* Exercise directions:
Skip the pictures and give back the rest of the listing exactly.

* Provided data:
++++

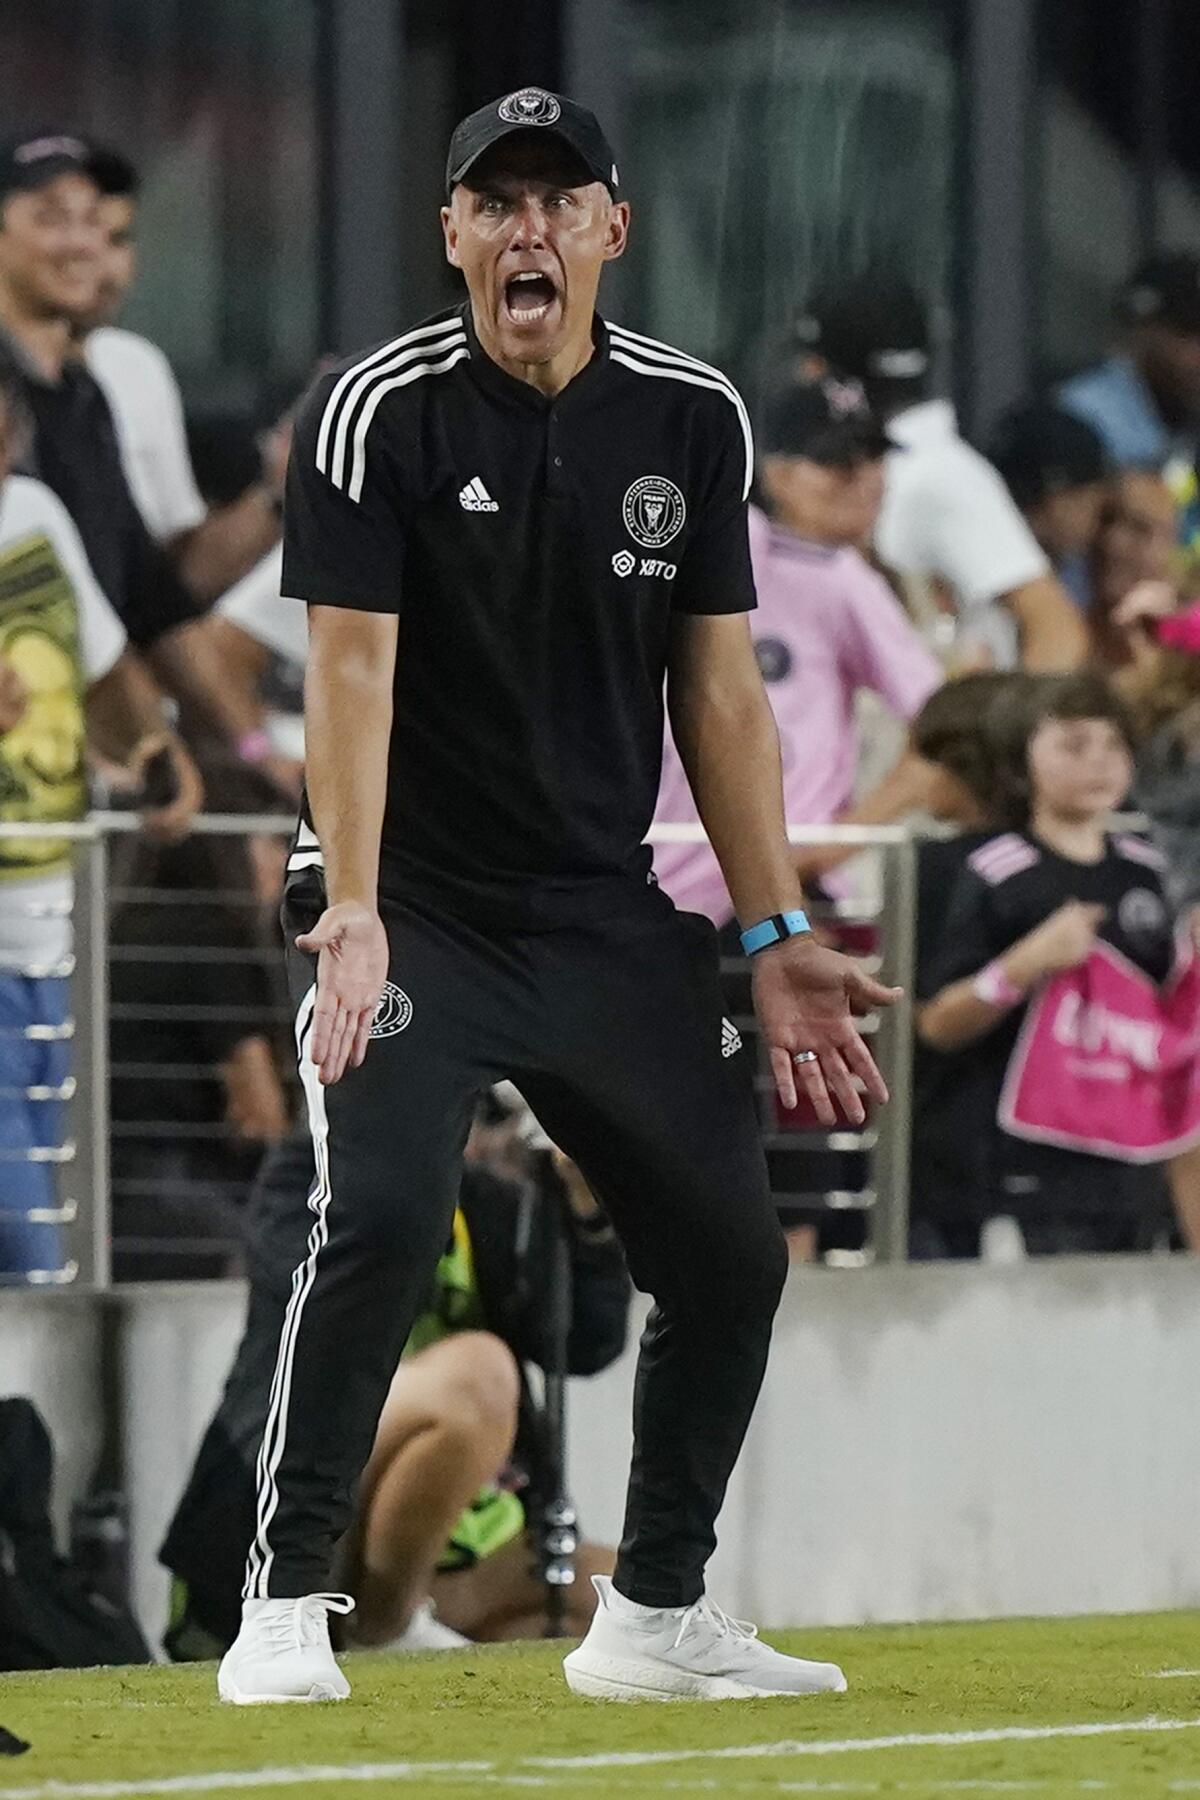 Inter Miami coach Phil Neville reacts during the second half of the team's MLS soccer match against Charlotte FC, Saturday, July 16, 2022, in Fort Lauderdale, Fla. (AP Photo/Marta Lavandier)
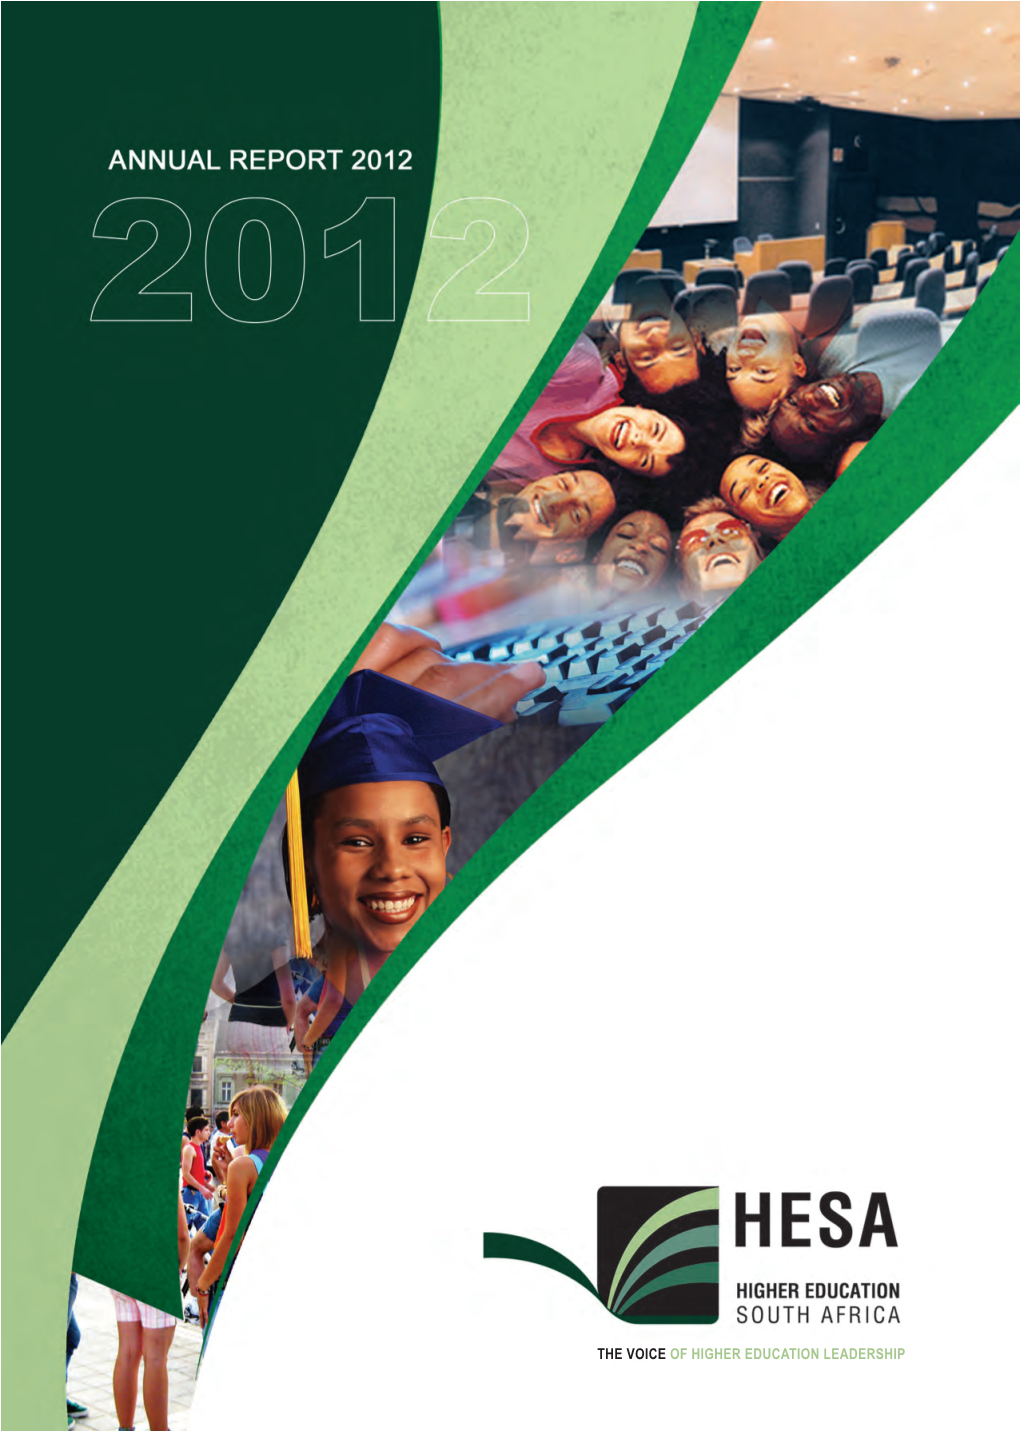 To Download HESA Annual Report 2012
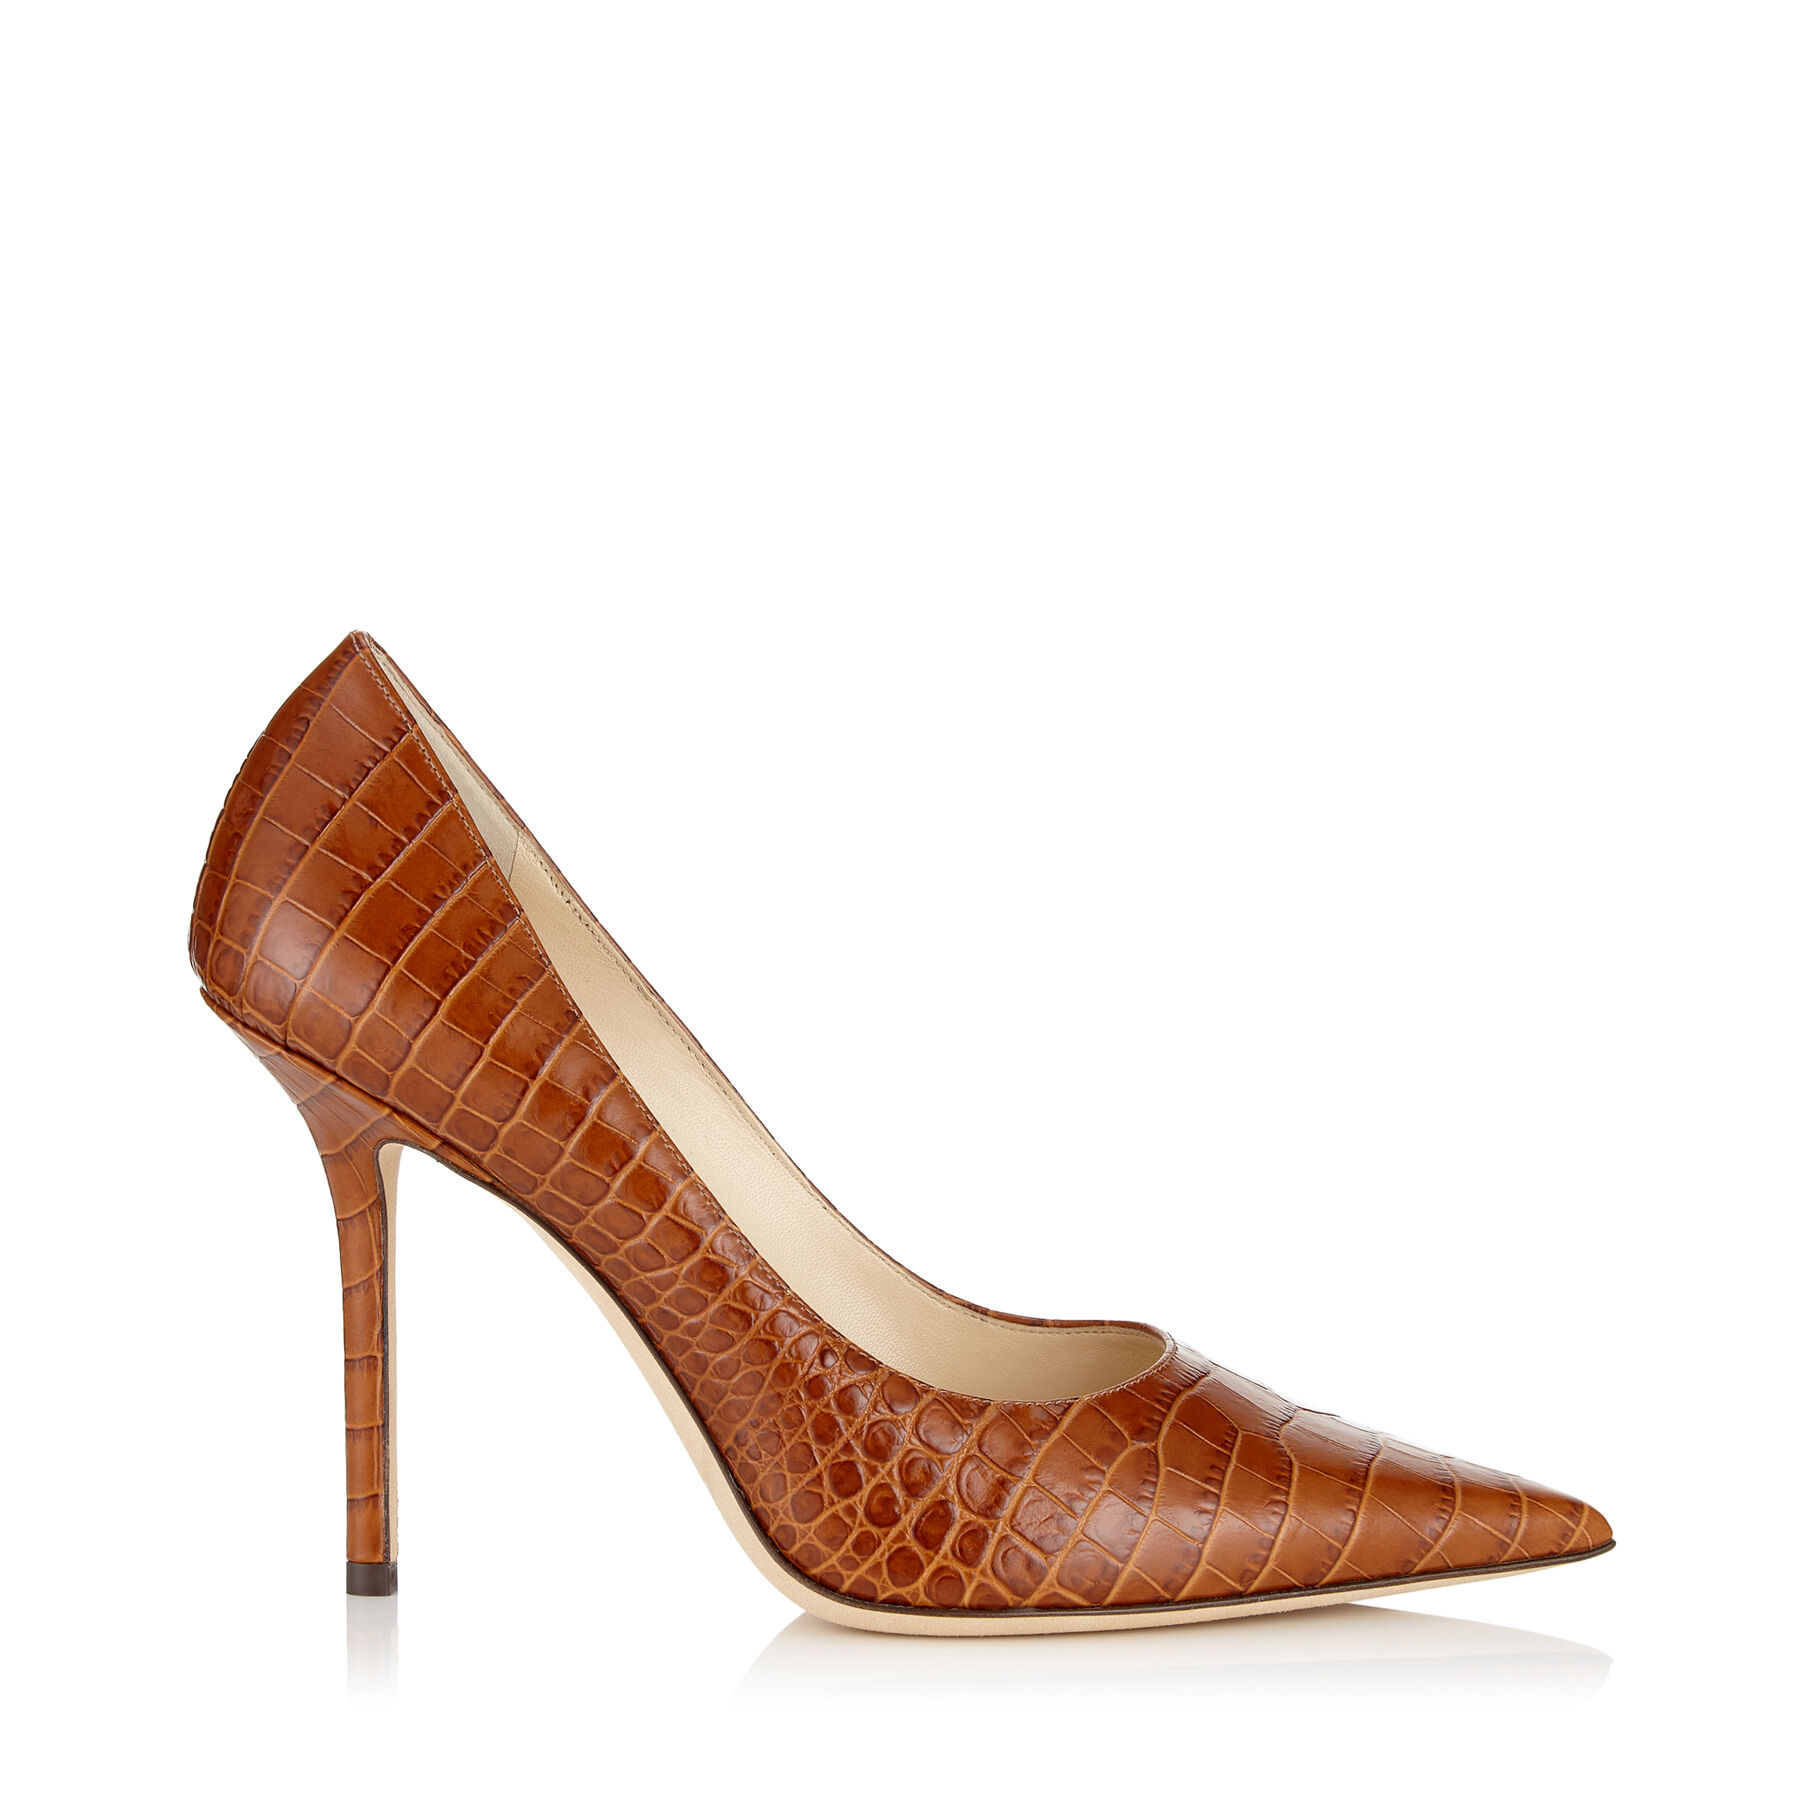 Cuoio Croc Embossed Leather Pointy Toe Pump| LOVE 100| Pre Fall 19 ...

++++

* Solution:
 Inter Miami coach Phil Neville reacts during the second half of the team's MLS soccer match against Charlotte FC, Saturday, July 16, 2022, in Fort Lauderdale, Fla. (AP Photo/Marta Lavandier)
 To Download HESA Annual Report 2012
 Cuoio Croc Embossed Leather Pointy Toe Pump| LOVE 100| Pre Fall 19 ...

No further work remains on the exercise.